Qui es-tu Django ?


Django unchained, hommage ou remix ? Les deux, et plus encore. Au commencement il y a Django, légende du western italien. Année : 1966, dans la foulée de Pour une poignée de dollars, Sergio Corbucci explore le genre avec frénésie et s'inspire d'une BD où un personnage trimballe partout un cercueil. De cette figure, il tire une intrigue épurée (un pistolero venge sa femme tuée par un chef de gang raciste), prétexte à une relecture décharnée des Sept samuraïs. Plantant son décor dans un Far West fantomatique et boueux, peuplé de personnages violents et corrompus, Django se taille alors vite une réputation de petit objet déviant et sulfureux. Succès populaire, le film acquièrt une telle aura qu'il engendre quantité de pseudo suites, clones bâtards, les distributeurs étrangers ne se gênant pas pour rebaptiser Django tout ce qui vient d'Italie avec un colt.
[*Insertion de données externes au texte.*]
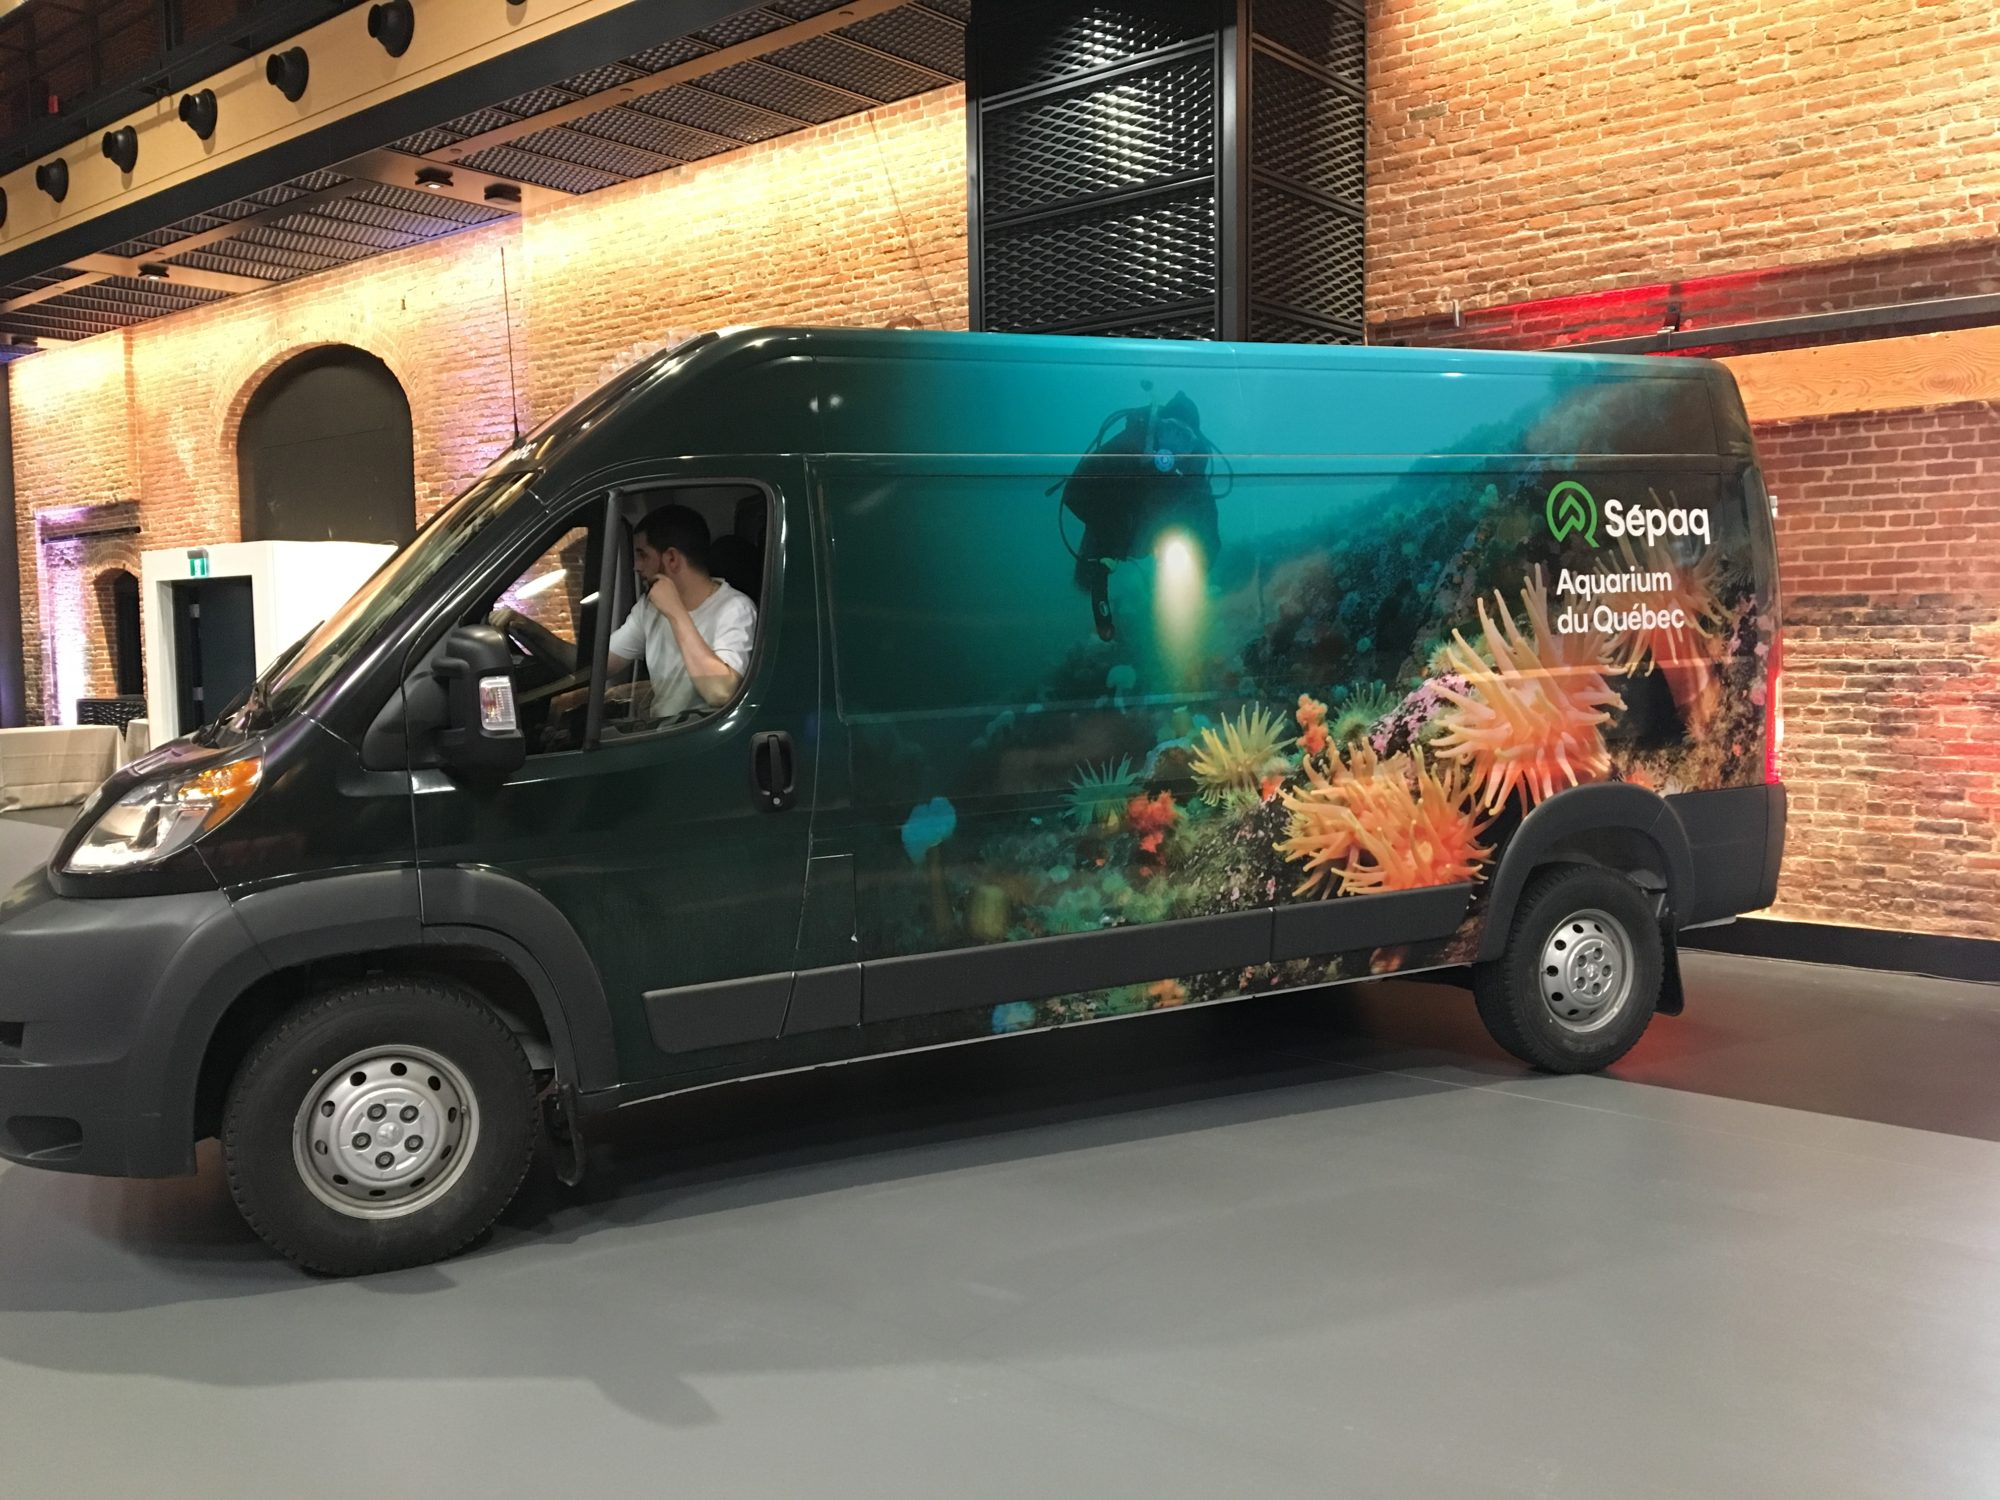 Auto_Aquarium
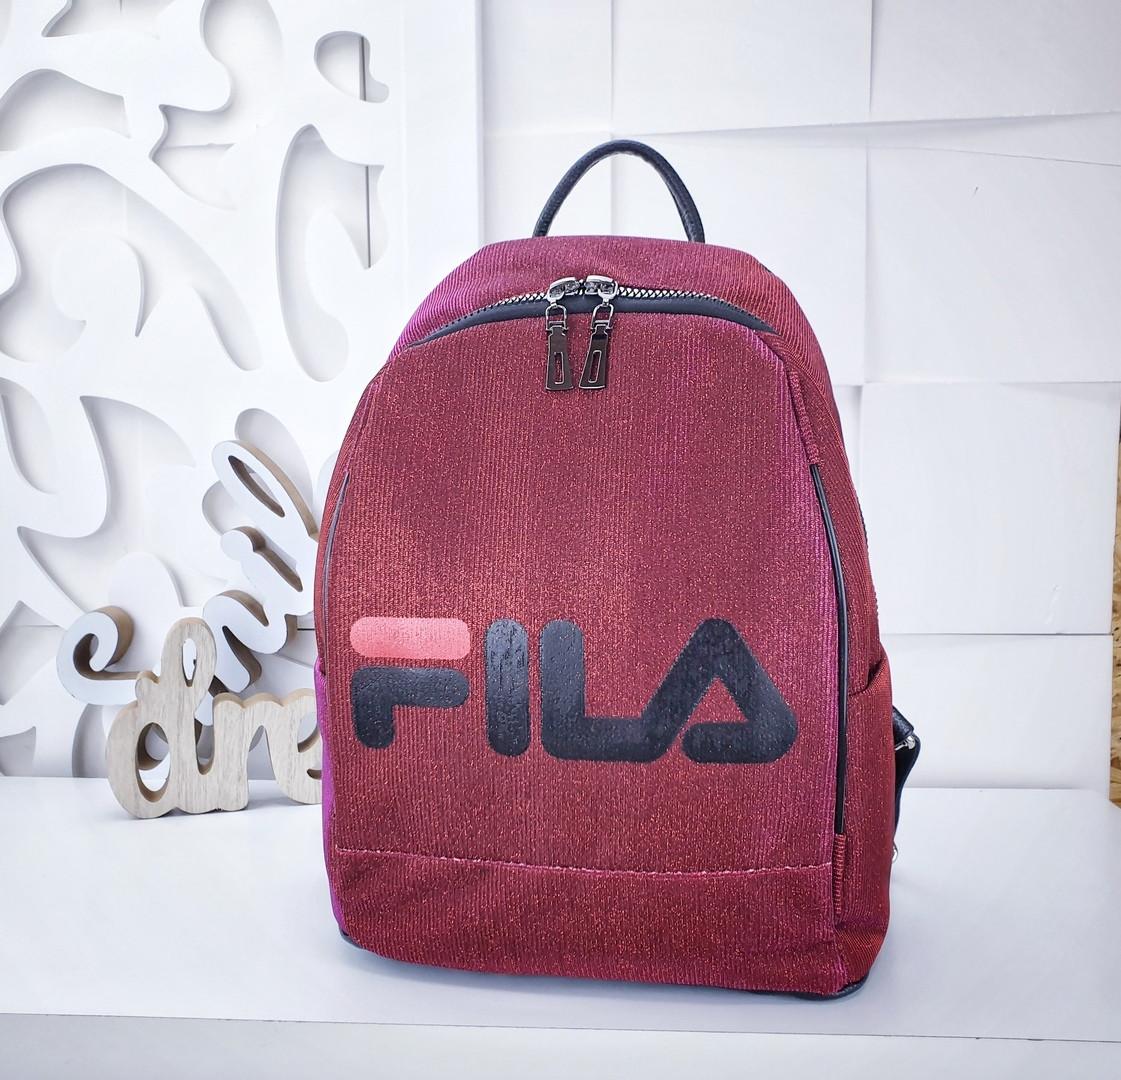 Женский рюкзак красного цвета, полиэстер+люрекс+напыление+эко-кожа, под бренд

Il faut attendre 1987 pour enfin voir débarquer une suite, officielle, sans Corbucci aux commandes mais toujours Franco Nero dans le rôle titre (le Django original). Stallone mania oblige, le film a des airs de Rambo 2 dans l'Ouest – un juste retour des choses quand on sait que le premier Rambo est un Django déguisé. Vingt ans plus tard, l'idée du personnage est reprise chez le japonais Takashi Miike dans Sukiyaki Western Django. En guest, Tarantino vient dégainer son amour du genre. Sa présence préfigure surtout l'arrivée d'Unchained et son héros noir vengeur d'esclave. Derrière le Django de Corbucci que QT synthétise et relance en respectant jusqu'à ses copies (il est moins un personnage qu'un concept recyclable), c'est en effet tout un pan de la conscience idéologique de Tarantino qui se dessine. Crypto marxiste, solidaire avec les minorités, préférant toujours les révolutionnaires mexicains aux indiens, le western italien avec lequel s'est formé Tarantino n'est pas qu'une question de style, mais bien de morale. Une politique de la série B qui chez lui vaut comme son amour d'une marge cosmopolite et sublime.